Similar to the dog, the aim of surgical treatment is to increase the area of the rima glottidis. 16 Although such surgeries will alleviate the clinical signs of airway obstruction, they are also associated with a number of potential serious complications, including aspiration pneumonia, laryngeal webbing, surgical failure, seroma formation at the surgical site, airway re-obstruction secondary to laryngeal oedema and transient Horner’s syndrome. 14 In clinical cases of bilateral laryngeal paralysis in the dog, various modifications of the unilateral arytenoid lateralisation procedure have been reported, including cricoarytenoid, thyroarytenoid and a combination of cricoarytenoid/thyroarytenoid lateralisation.17–19 In addition, studies have reported the effects of modifications to the arytenoid lateralisation procedure in cadaveric canine larynges.16,20,21 The overall aim of such studies is to define the most effective surgical management for laryngeal paralysis that is associated with the minimal number of complications.

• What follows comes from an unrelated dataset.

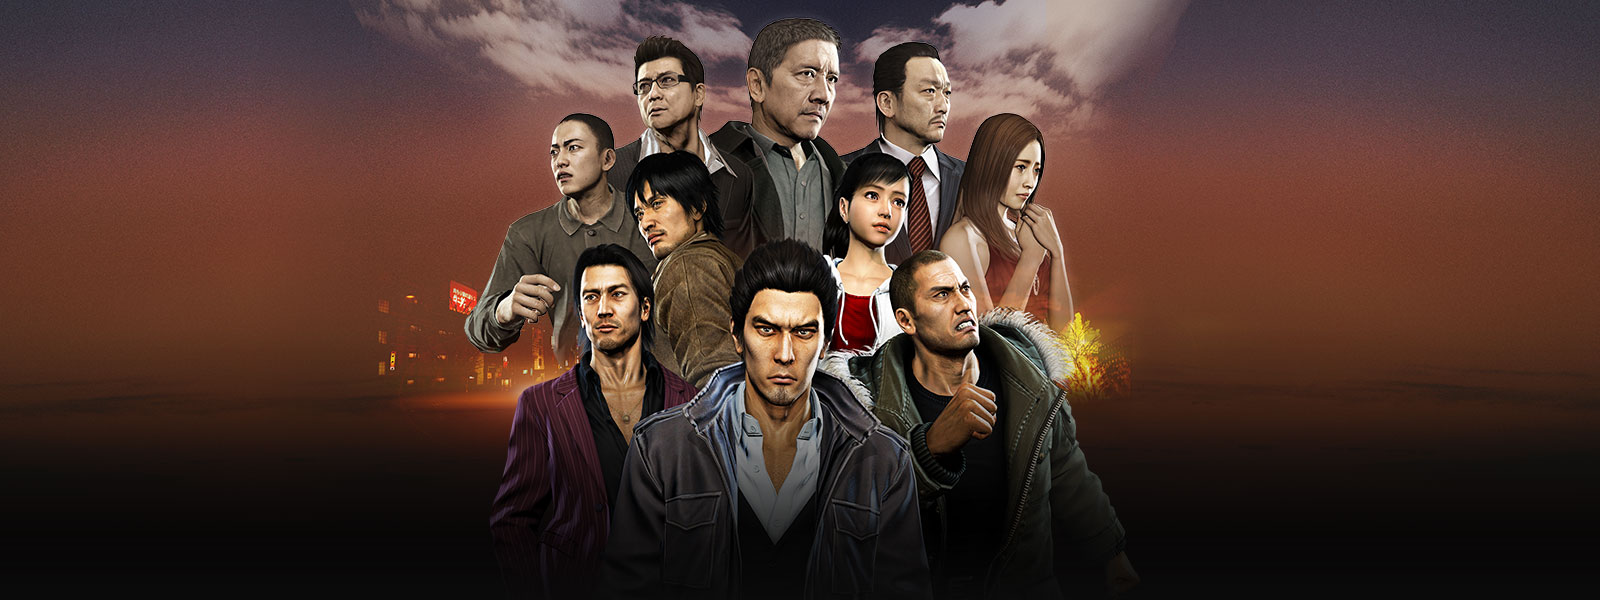 Kazuma Kiryu steht vor einer Collage aus Charakteren des Tojo-Clans und der Omi-Allianz über einer nebligen Stadtszene

Currently, in the cat there are no studies investigating similar modifications to the ‘standard’ arytenoid lateralisation procedure described previously.6,8 The aim of this study was to document and compare the percentage increase in arytenoid cartilage abduction in ex vivo cat larynges on which two modifications of the unilateral arytenoid lateralisation surgical procedures were performed. In addition, for both surgical procedures, an assessment of epiglottic coverage of the entrance to the larynx was performed.
Materials and methods
The tongue, larynx, cervical trachea and oesophagus were harvested en bloc from 20 mature domestic shorthair cats euthanased for reasons unrelated to this study. None of the cats was euthanased for reasons of respiratory disease or respiratory compromise. All larynges appeared anatomically normal. They were washed and wrapped in saline soaked swabs (0.9% NaCl) before being stored at −18°C. All larynges were used within 4 weeks of harvest and frozen storage. On the day of study, the larynges were allowed to defrost and warm to room temperature before being further washed in room temperature normal saline. The tongue and oesophagus were resected from each larynx prior to obtaining any measurements or performing any surgical intervention. A stay suture of 4/0 polypropylene (Prolene; Ethicon) was inserted through the tip of the epiglottis, and both suture ends were clamped in the jaws of a pair of Halstead mosquito forceps to allow manipulation of the epiglottis. A 0.3 mm diameter pin (Watkins and Doncaster) was inserted through the thyroid cartilage on the ventral floor of the rima glottidis, in the midline between the insertion of the left and right vocal folds so that its tip and shaft indicated the ventral bisection of the rima glottidis into left and right halves.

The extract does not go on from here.